Private data collections recommended usage


omer.glam@...
 

Hello, 
 
We are in the process of developing a solution based on fabric, in our use cases multiple organization on a channel should be able to store private data (only available for their Organization) and also be able to share some of this private data with subset of organizations on the channel in a private manner.
 
We are looking into private data collections in order to fulfill this use case, in our research and design phase some ideas and patterns have emerged:
 
1. Single private collection per organization (implicit), where each organization will store his private data, and share this information by allowing other organizations to Query the collection using chaincode and managing ACL on the ledger to approve or reject reads from the collection.
 
2. Private collection between each pair of organizations in the channel, along side a private (implicit) collection per organization. each organization can save private information into his implicit collection, and when he desire to share this data he can write it into the shared collection between him and another organization, while managing the information about where this information is shared on his private collection. this can occur under the same transaction to preserve atomicity of the operation.
 
Of course each pattern have its advantages and disadvantages which are specific for the solution we are building, notably are the data duplication vs data access patterns, which may have different criteria and acceptance tolerance based on our overall solution.
 
My questions here are as follows:
 
a. from fabric perspective, what is the recommended pattern in terms of best practice ? what will be the overhead for each pattern (duplication of data vs frequent Chaincode queries to a single Organization) ? 
 
b. Does private data collection definition must be approved by each participating Organizations in the channel in order to function ?
 for example, given a channel with 5 organizations, 2 of those organizations wants to setup a private collection between them where both organizations are required for endorsement, does those two organizations require the other 3 organizations on the channel to approve the collections definition, or is it enough that those two organizations approve the collection definition themselves in order to use it? same question for modifying existing collection definition
 
c. Does usage of private data collections cause additional overhead in terms of performance in fabric?
 
 
Thank you,
Omer


David Enyeart
 

There is also a 3rd option which is to use an implicit collection per org, and have an organization share the private data with another organization's implicit private data collection on a need-to-know basis. The receiving organization can verify the private against the on-chain hash of the sending organization. This pattern is one of multiple patterns mentioned here:
https://hyperledger-fabric.readthedocs.io/en/latest/private-data/private-data.html#sharing-private-data

a. I would suggest either pattern 1) or pattern 3). Pattern 2) will be challenging to manage if you have many pairs of organizations. Use pattern 1 for less duplication of data and more fine grained access control. Use pattern 3 if you want clients to query only their own org's peer. Your choice.
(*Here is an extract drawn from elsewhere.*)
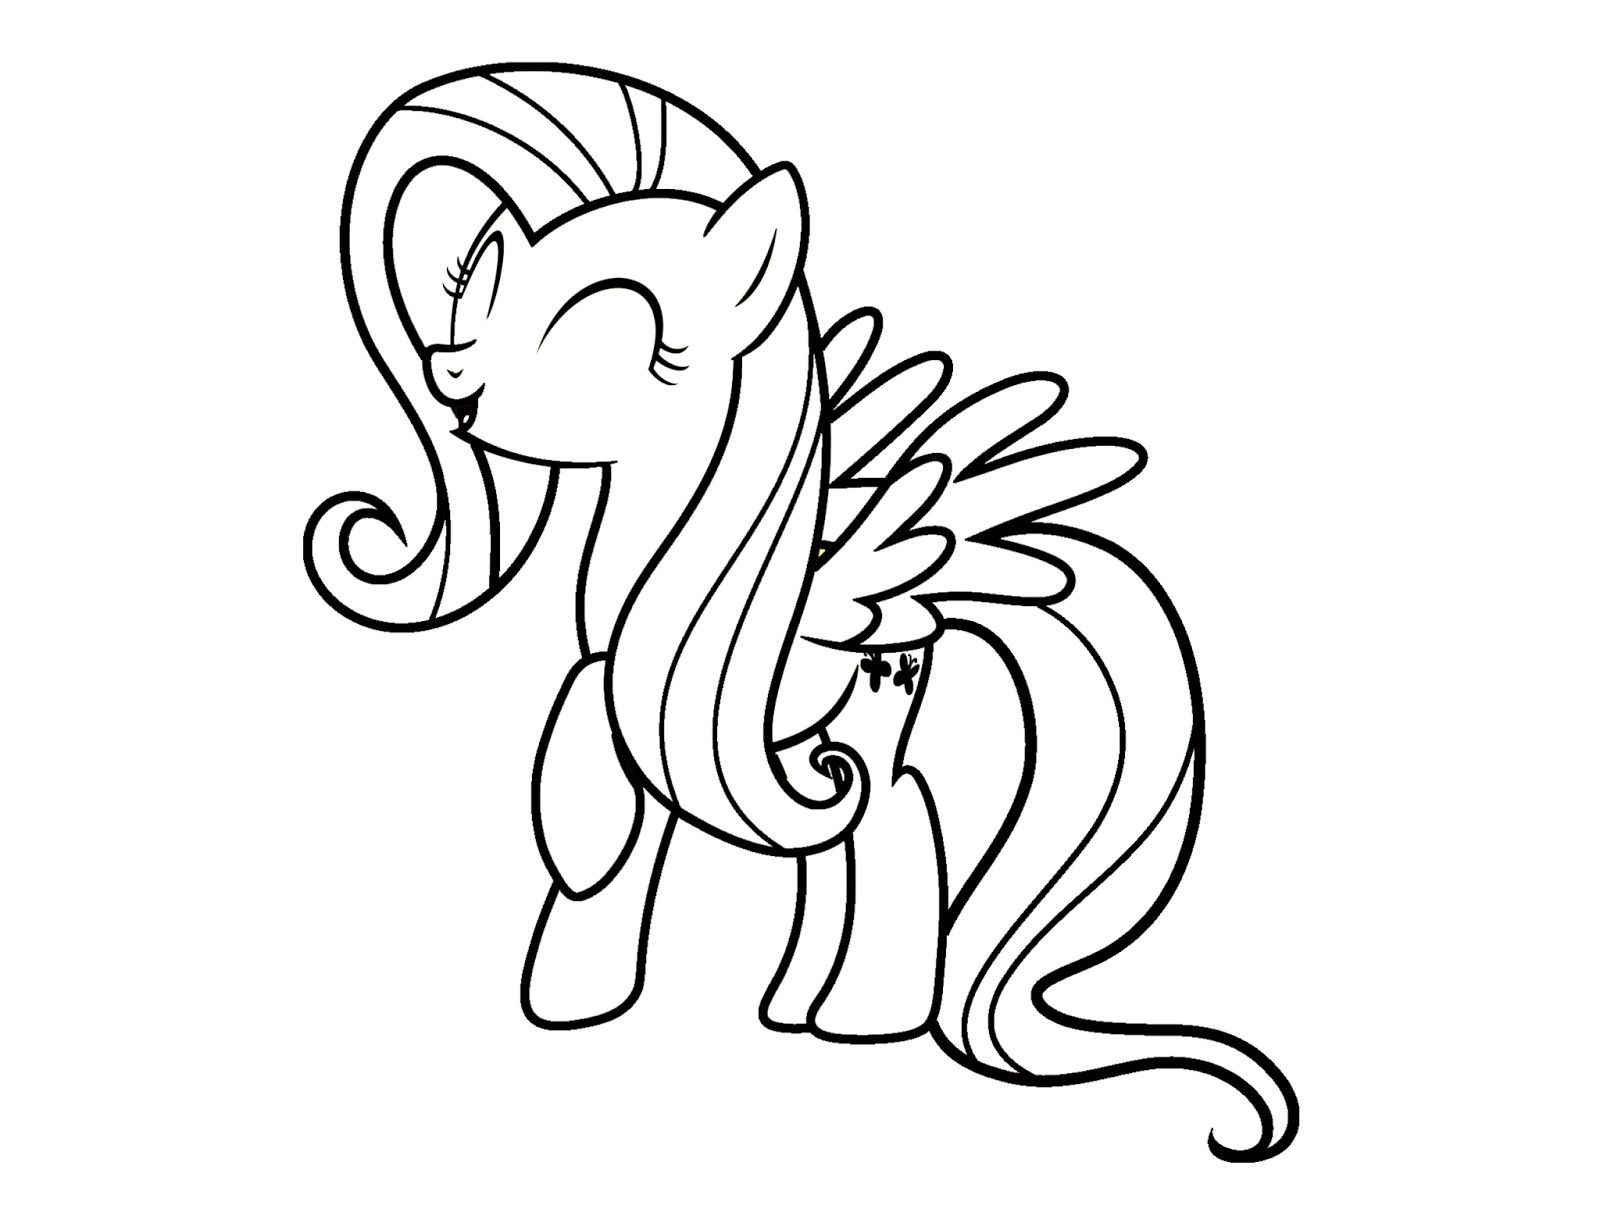 Free Coloring Sheets For Toddlers
 Free my little pony coloring pages Coloring pages for kids

b. If using explicit collection definitions, the entire set of collections must be agreed to based on the channel's configurable LifecycleEndorsement policy. You could for example require a majority of organizations to approve an updated chaincode definition with new collection definitions. Or you could require any two orgs to approve, or a single org acting in a channel administrator role. Your choice.

c. There is not yet a performance benchmark for private data. I would expect some performance impact, but I expect it would be less than a 2x hit.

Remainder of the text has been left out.